Не следует буквально доверять толстовским признаниям в Дневнике о первом разе того или иного интеллектуального прозрения или духовного опыта. Многое забывалось из прежних лет — и переживалось снова, как в первый раз. Но правдой остаётся то, что этот, обозначенный Толстым в записи 22 ноября 1907 г., путь индивидуального духовного самостроения, а не общественной или даже писательской, публицистической творческой активности — был для Толстого главным и искренне самым ценным. Городская жизнь отвлекала его, соблазняла — и сманила на иной путь, обличающей проповеди и иных вмешательств в общественную жизнь, более полезной для других, для общества, даже для человечества, но тяжёлой, временами мучительной для самого Льва Николаевича.

В дальнейшем мы будем возвращаться к некоторым записям толстовского Дневника — уже при анализе содержания переписки супругов Толстых 1889 года.

 

Внешняя, творческая биография Льва Николаевича характеризуется до марта 1889 г. преимущественно обдумыванием новых проектов и публикациями старых. Увы! буржуазно-православная Россия взяла уже в то время за правило запрещать новые сочинения Толстого. О запрете весной 1888 г. трактата «О жизни» мы уже упоминали выше. Самому Толстому удалось прочесть его в печатном виде впервые лишь во французском переводе, выполненном Софьей Андреевной. Летом под запрет был отправлен — с некоторой, как можно заметить, задержкой — толстовский «Календарь с пословицами на 1887 г.». Ряд народных рассказов Толстого был тогда же запрещён к переизданию в дешёвых — как раз для народа — книжечках «Посредника». Эта тенденция повальных запретов распространится и на сочинения Толстого последующих лет… Не в последнюю очередь по этой причине Толстой не окончил ряд своих творческих замыслов, список которых, сделанный им на отдельном листке 30 сентября 1888 г., сохранился (см. 50, 199). В списке, конечно, была и комедия «Исхитрилась» (буд. «Плоды просвещения»), которую Толстой очень желал завершить, и «Крейцерова соната» (в тот день Толстой употребил это название впервые!), но был, к примеру, и «Призыв к исполнению закона Христа». Сочинения с таким названием Толстой не писал, но именно такой призыв выразился в ряде его религиозно-публицистических сочинений последующих лет.

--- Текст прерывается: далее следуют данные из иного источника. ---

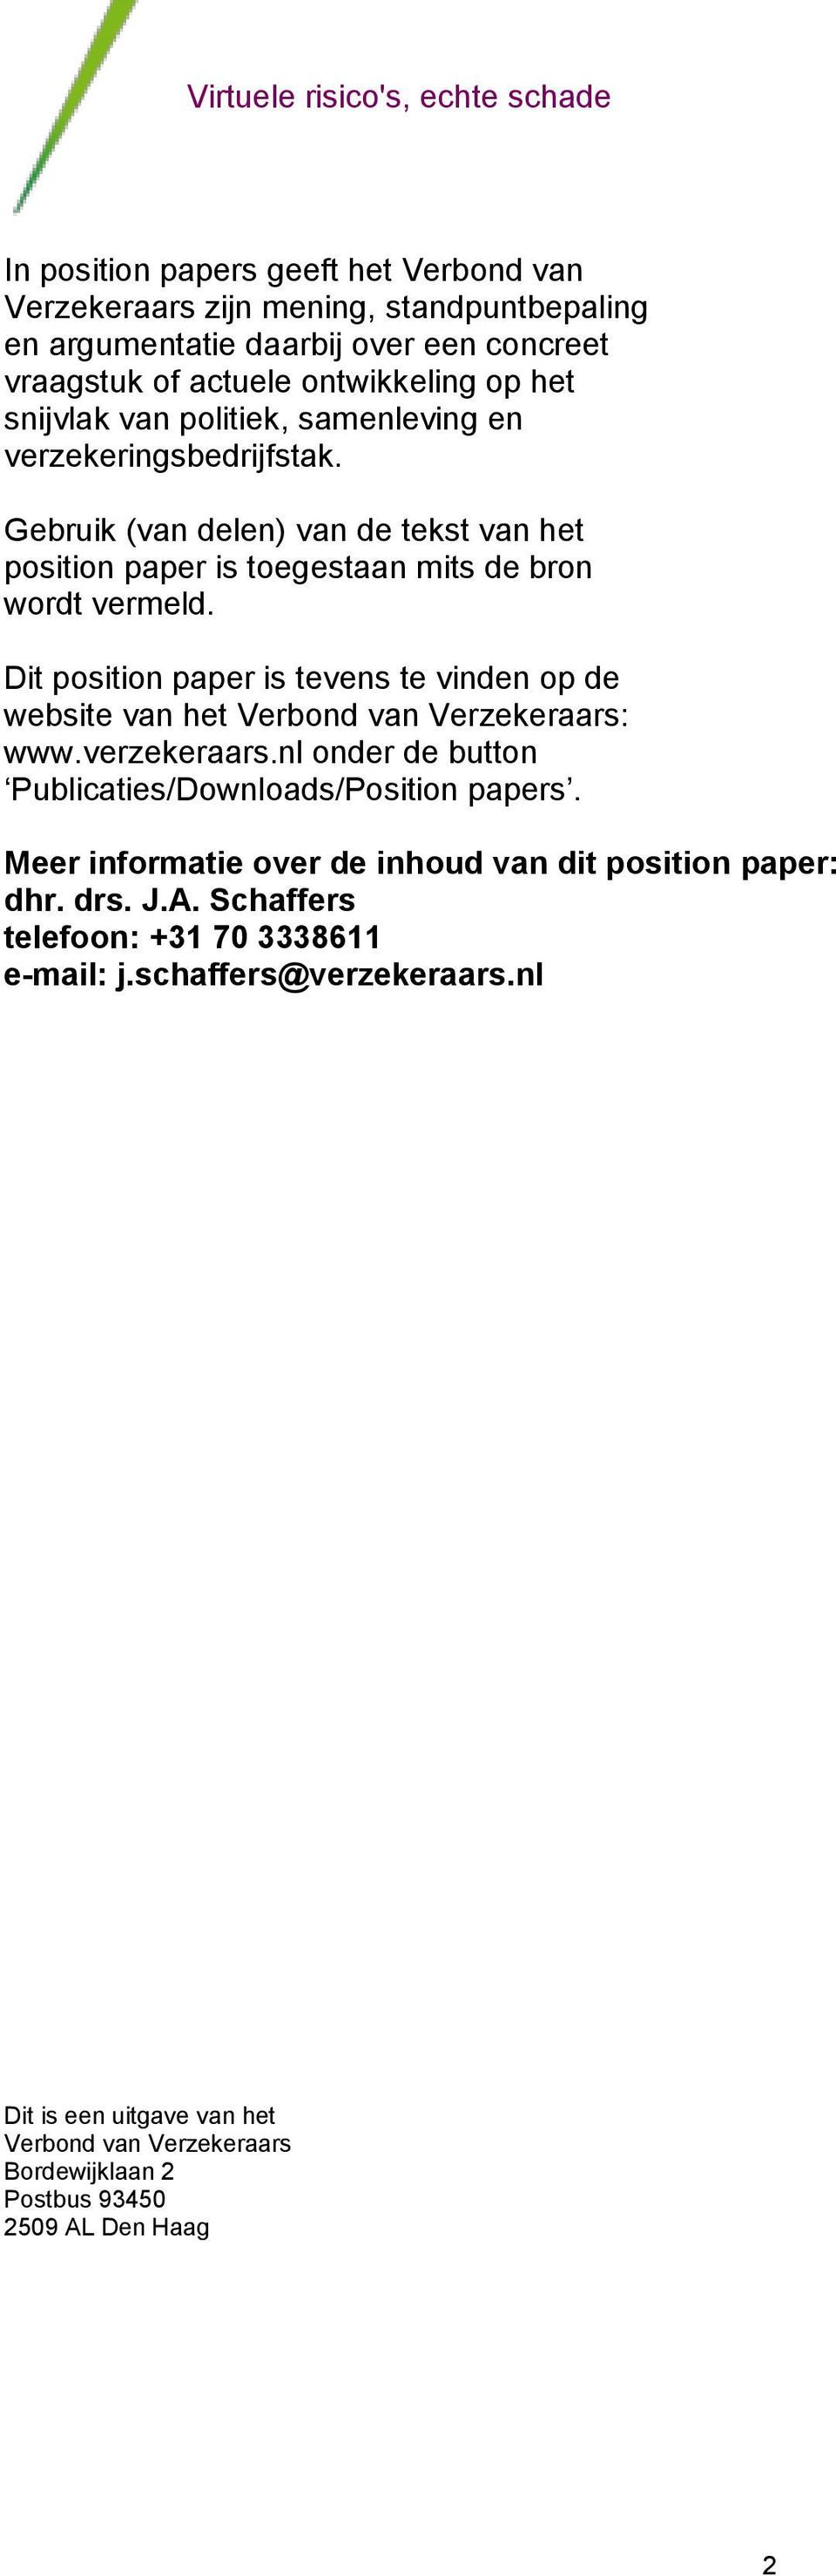 Dit position paper is tevens te vinden op de website van het Verbond van Verzekeraars: www.verzekeraars.nl onder de button Publicaties/Downloads/Position papers.

Уже в 1891 г., обдумывая роман «Воскресение», Толстой так резюмировал в Дневнике, в записи под 26 января, умопостигаемую диалектику своей писательской работы с конца 1870-х до конца 1880-х годов: «С “Анны Карениной”, кажется, больше 10 лет я расчленял, разделял, анализировал; теперь я знаю, чтó, чтó и могу всё смешать опять и работать в этом смешанном» (52, 6). Действительно, и «Холстомер», и «Крейцерова соната», и «Смерть Ивана Ильича», и «Власть тьмы», и «Плоды просвещения» — хотя и не связаны сюжетно или тематически, но связаны общностью сюжетного задания: критический анализ различных сторон современной писателю жизни.

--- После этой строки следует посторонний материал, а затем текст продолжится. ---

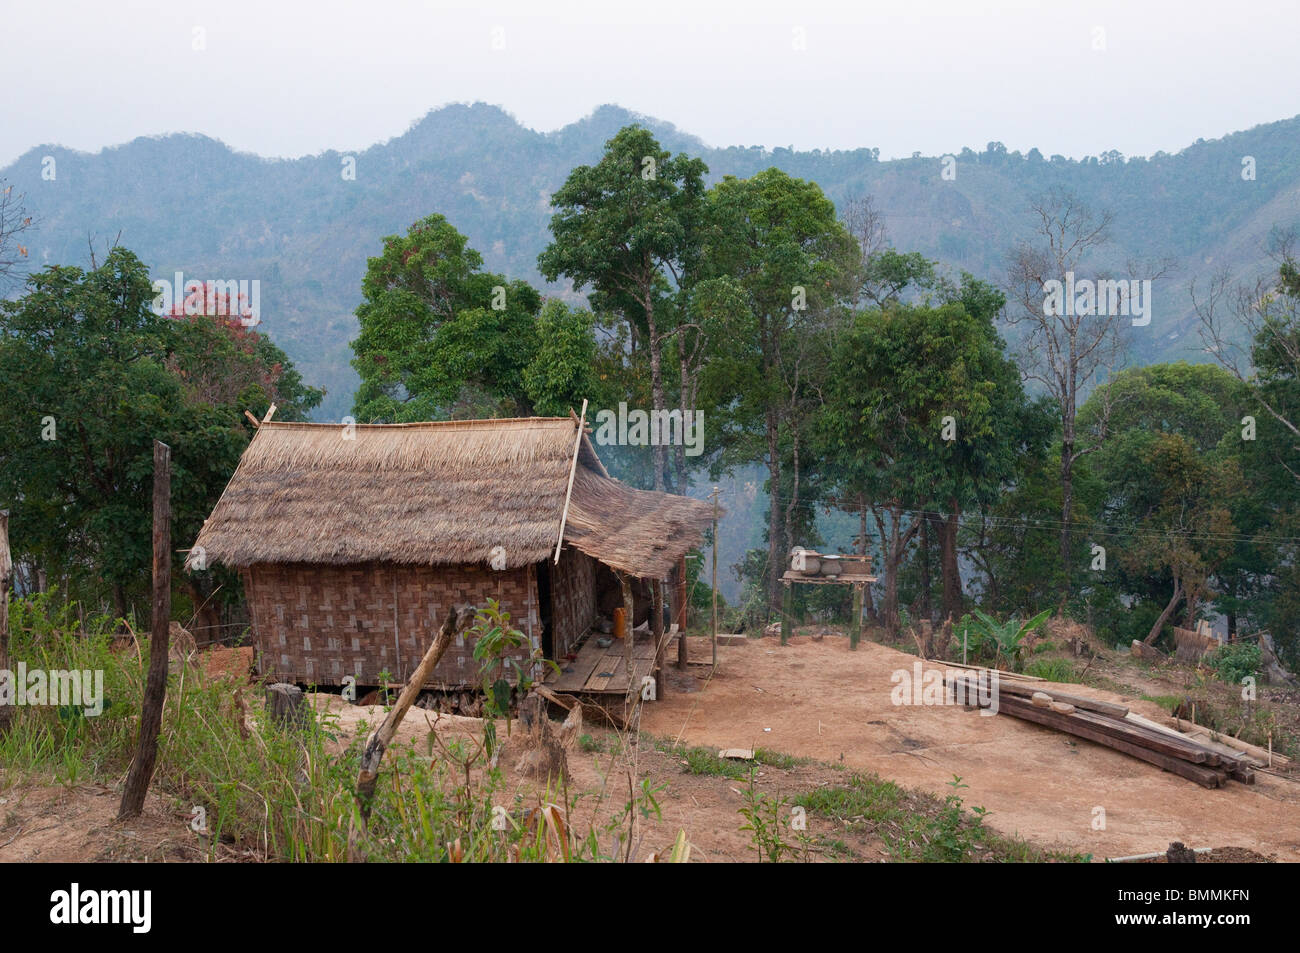 Myanmar House Burma Village Stock Photos & Myanmar House ...

После пассивного в писательском отношении 1888-го года 1889-й поражает творческим напряжением и продуктивностью. Закончены грозные для отношений Толстого с женой в последующие годы повести «Крейцерова соната» и «Дьявол». Дописана пьеса «Плоды просвещения». Начат цикл глубочайших статей по вопросам эстетики и искусства — венцом которого станет уже в 1897 г. революционный по высказанным в нём идеям трактат «Что такое искусство?»

Своего рода «цензура» распространилась к концу 1888 г. и на общественный активизм Льва Николаевича. В конце ноября 1888 г. Толстой подал заявление о допущении его к преподаванию в вечернем Петровско-хамовническом училище. Конечно, училищный совет категорически отказал ему. Впрочем, Толстой и сам довольно скептически отнёсся к увиденным им картинам применения казённых методов обучения (Опульская Л.Д. Указ. соч. С. 145).

Между тем для множества людей разных лет и общественных положений, и уже далеко за пределами России — он сделался, вряд ли сам того желая, именно Учителем, духовным авторитетом. Беседовать с ним, и не только письменно, но и лично, как гости семьи, желали самые разнообразные иностранцы. Ещё в мае 1888-го в Ясной Поляне его навестил английский журналист Уильям Томас Стэд (памятный своим стоическим принятием смерти в 1912 г. на «Титанике»), изложивший свои разговоры с писателем в книге «Правда о России».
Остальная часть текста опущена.